Segundo ele, o gargalo do setor produtivo brasileiro não está mais na competitividade da lavoura e da indústria, mas no frete interno, ou seja, o trajeto da rodovia até o porto. E a rodovia concluída vai tornar mais dinâmica a cadeia produtiva no Brasil. 

Castro conclui que a BR, ao ser totalmente pavimentada, será acompanhada da atração de investimentos para o Estado, em segmentos ligados às atividades do agronegócio e também em outros segmentos. 

De acordo com dados do Movimento Pró-Logística do Pará (MPL-PA), o Arco Norte deverá movimentar em torno de 50 milhões de toneladas de grãos até 2026. Segundo o diretor executivo do Movimento Pró-Logística Aprosoja Brasil Edeon Vaz Ferreira, a melhora nas condições de tráfego na BR-163 favorece os produtores. “Quanto melhor for a infraestrutura, menor será o custo do frete. Com isso, o agricultor vai aumentar sua rentabilidade e, consequentemente, a produção”, explicou.

O impacto do escoamento é tão importante que na safra 2014/2015, por exemplo, mais de 16 milhões de toneladas de soja foram exportadas pelo Arco Norte. 

ATOLEIROS NA VIA, CAUSADOS PELA CHUVA, PROVOCAM PREJUÍZOS AOS PRODUTORES

No começo do ano, fortes chuvas na região provocaram um congestionamento de mais 50 quilômetros na rodovia BR-163, entre as cidades de Trairão e Novo Progresso,no Sudeste do Pará, impedindo a passagem de caminhões e demais veículos.

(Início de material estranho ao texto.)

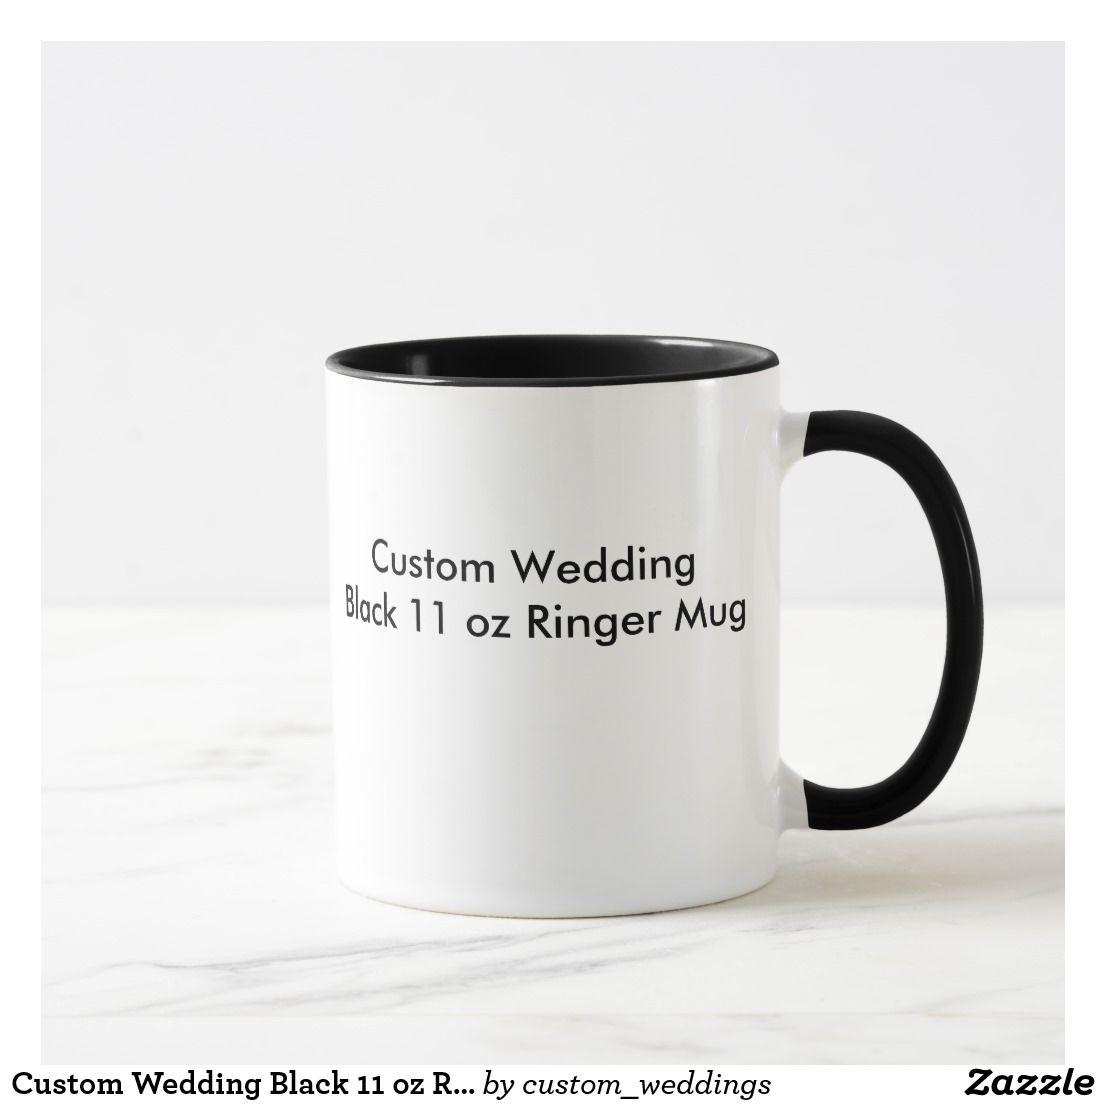 Custom Wedding Black 11 oz Ringer Mug | Wedding black, Wedding and Black
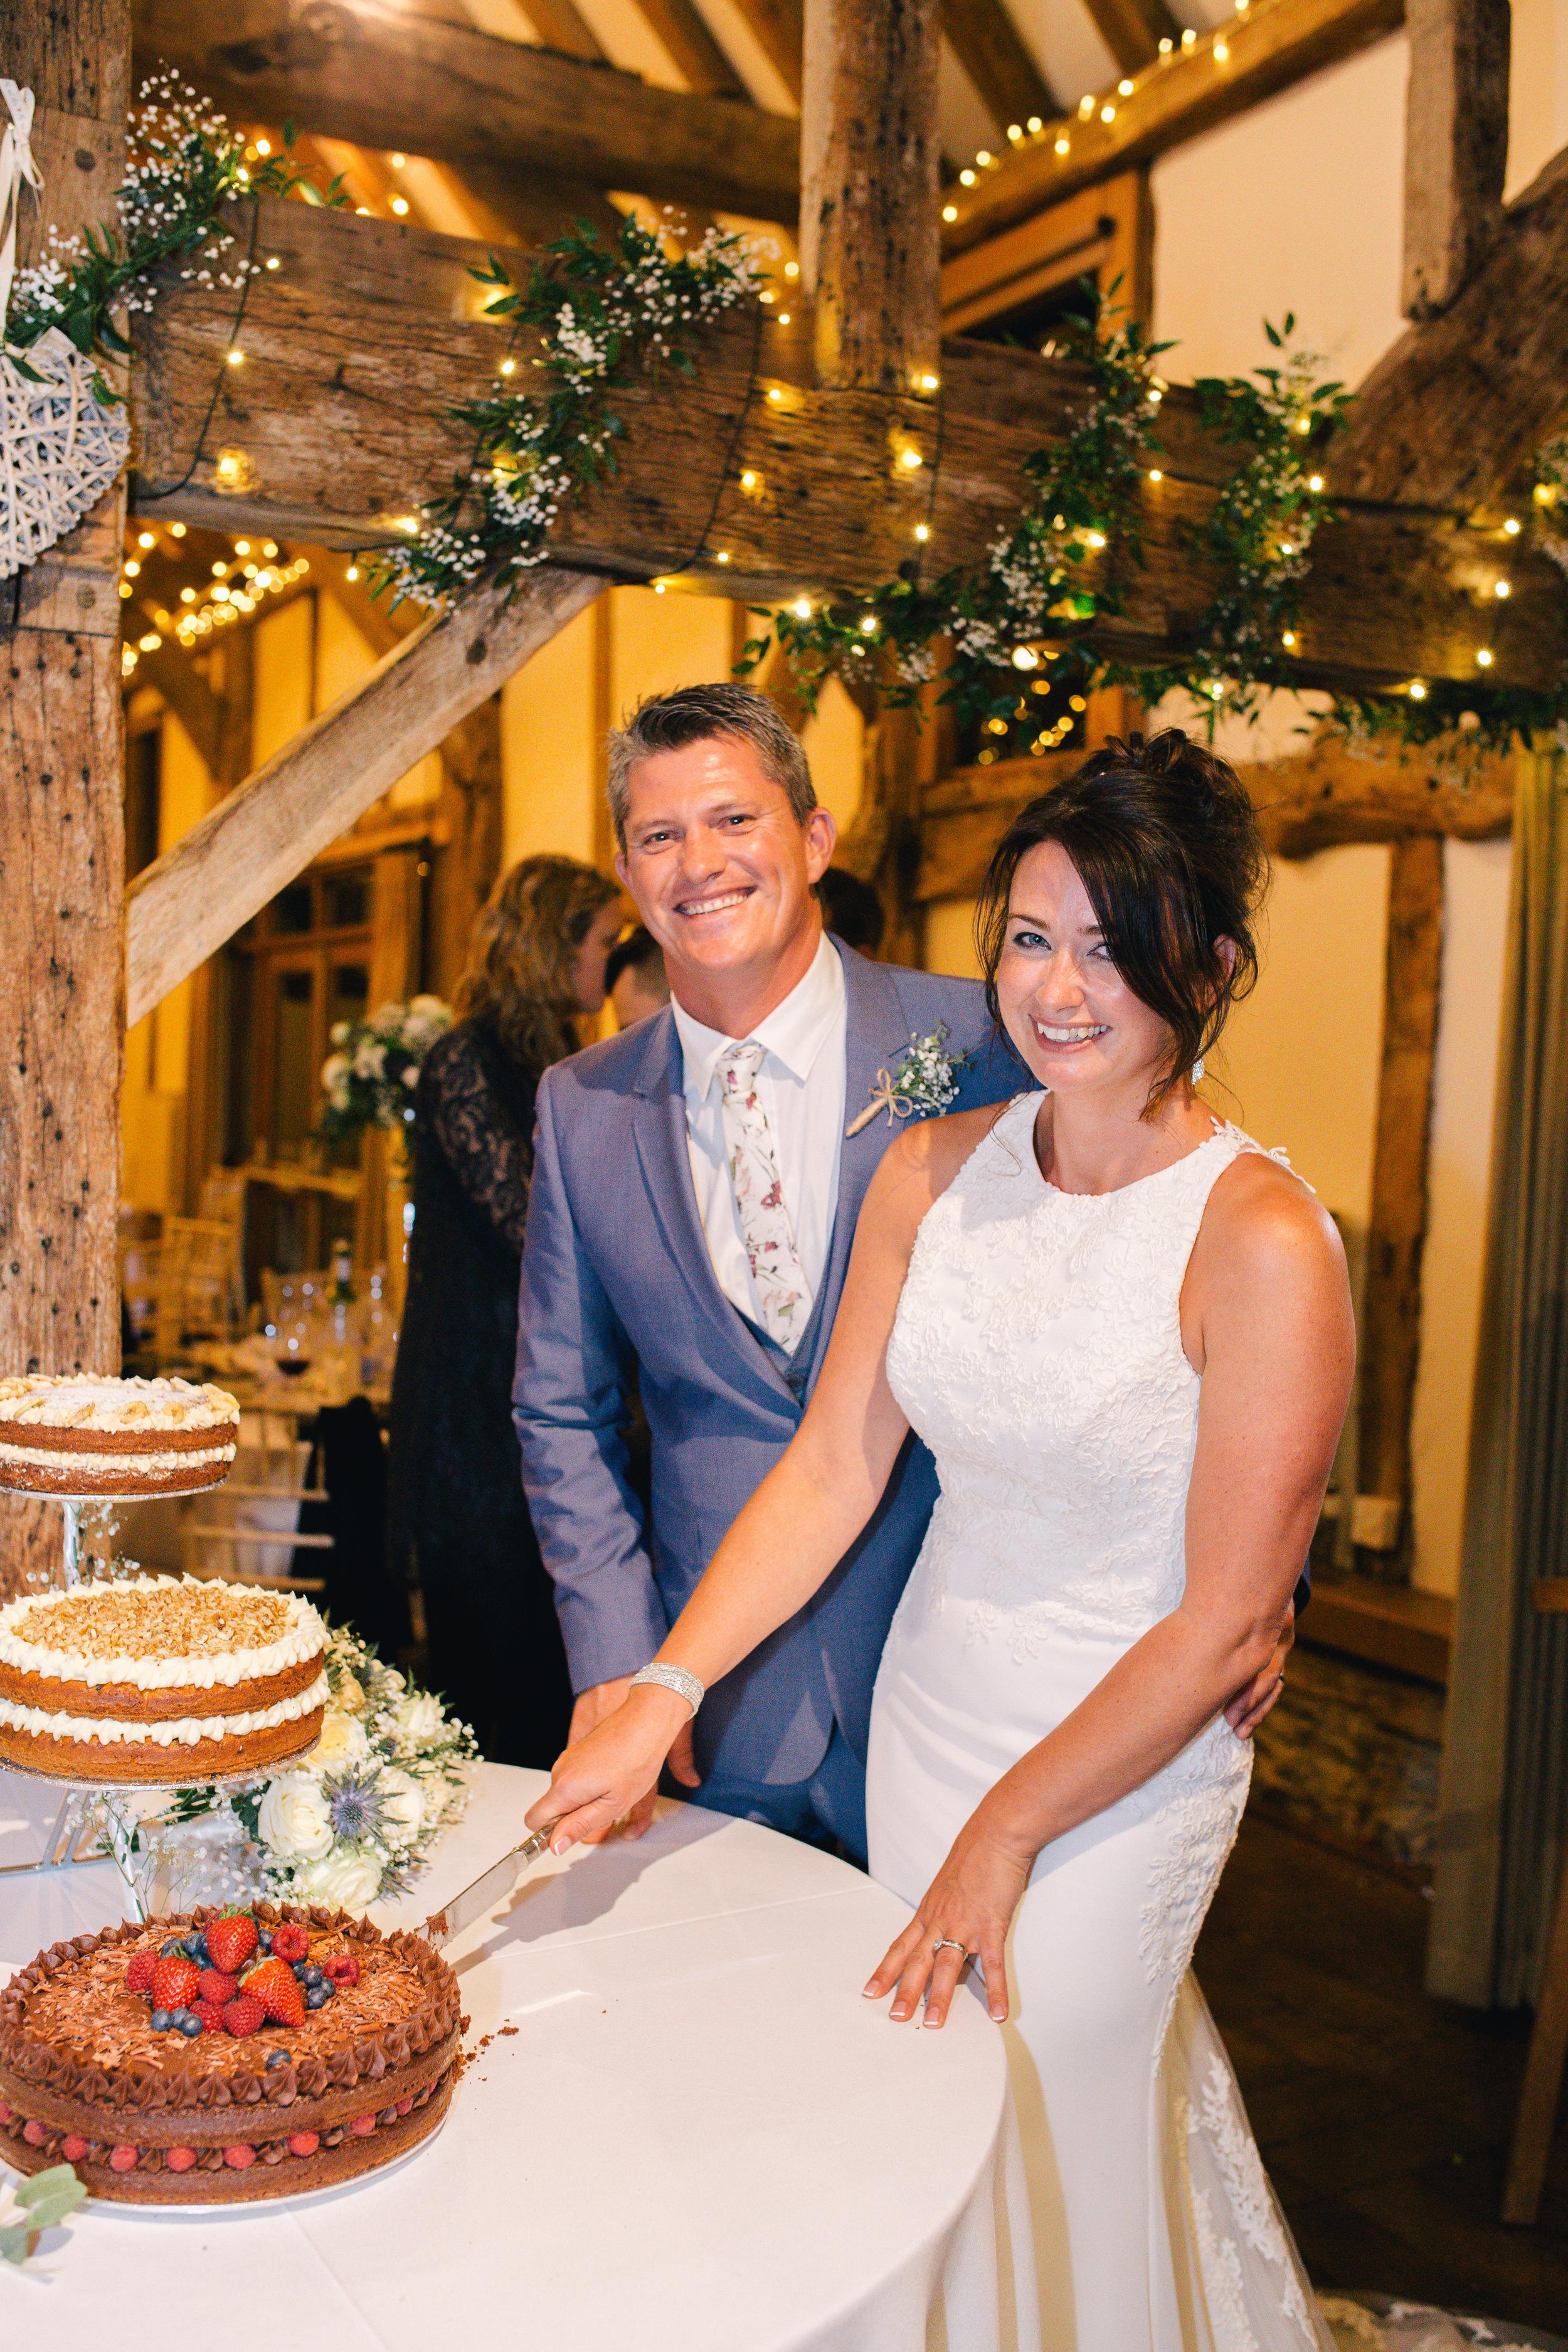 55-lucy james loseley park wedding photography laura mott-054.jpg

Cálculos da Associação Brasileira das Indústrias de Óleos Vegetais (Abiove) e da Associação Nacional dos Exportadores de Cereais (Anec) registraram que o atoleiro provocou prejuízos diários de US$ 400 mil aos produtores pelo atraso na entrega da carga nos portos paraenses.

Por mais de uma semana aproximadamente 4 mil pessoas ficaram ilhadas sem condições de se locomover ao longo da BR-163. Cestas básicas e água foram liberadas pelo ministro da Integração Nacional, Helder Barbalho e distribuídas pela Defesa Civil. No início de março a rodovia foi liberada para o tráfego.